For Model 1: Predicting Protein Energies, because we were using large data structures and 3D matrix convolutions, all the training was done on the MIT Holyoke Engaging Cluster (234 64GB, 2 x 8-core 2.0GHz CPUs, 90 K20m GPU, 16 Xeon phi, base OS - RHEL/Centos 6.4).
For Model 2: Folding Proteins, training was done on a personal machine (16 GB, Intel core 2.60 GHz CPU, Nvidia GeForce gtx 970M, base OS - Ubuntu 18.04).

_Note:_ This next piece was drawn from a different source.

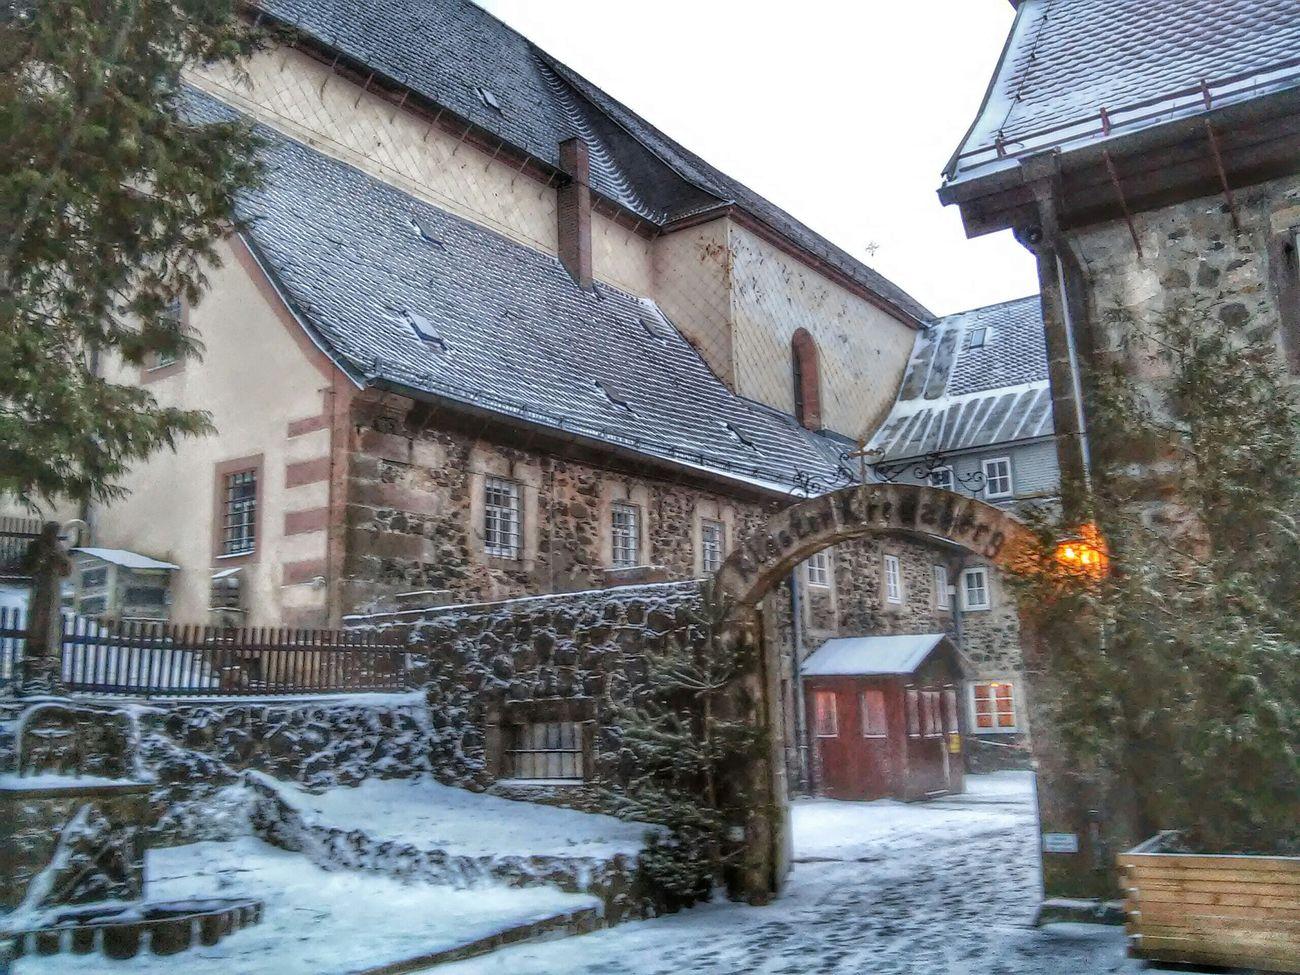 Kloster Kreuzberg Winter Wonderland ❄

We would like to thank our LA mentor Deepankar Gupta and our industry mentor Charles Tam for providing technical and high-level guidance throughout the project. We would also like to thank our course instructors Professor Hal Abelson and Natalie Lao for giving us the opportunity to learn about deep learning as well as implement a meaningful hands-on project. We would also like to give a special thanks to Northeastern University’s Seth Cooper for providing us with the Fold.It resources and data needed to train our models with. Finally, we would like to thank all of the course staff, MIT Engaging Cluster, the Fold.It researchers, and MIT researchers Sam Hendel (MIT Shoulders Lab) and Benson Chen (MIT CSAIL) for providing us with the advice and resources we needed to implement this project.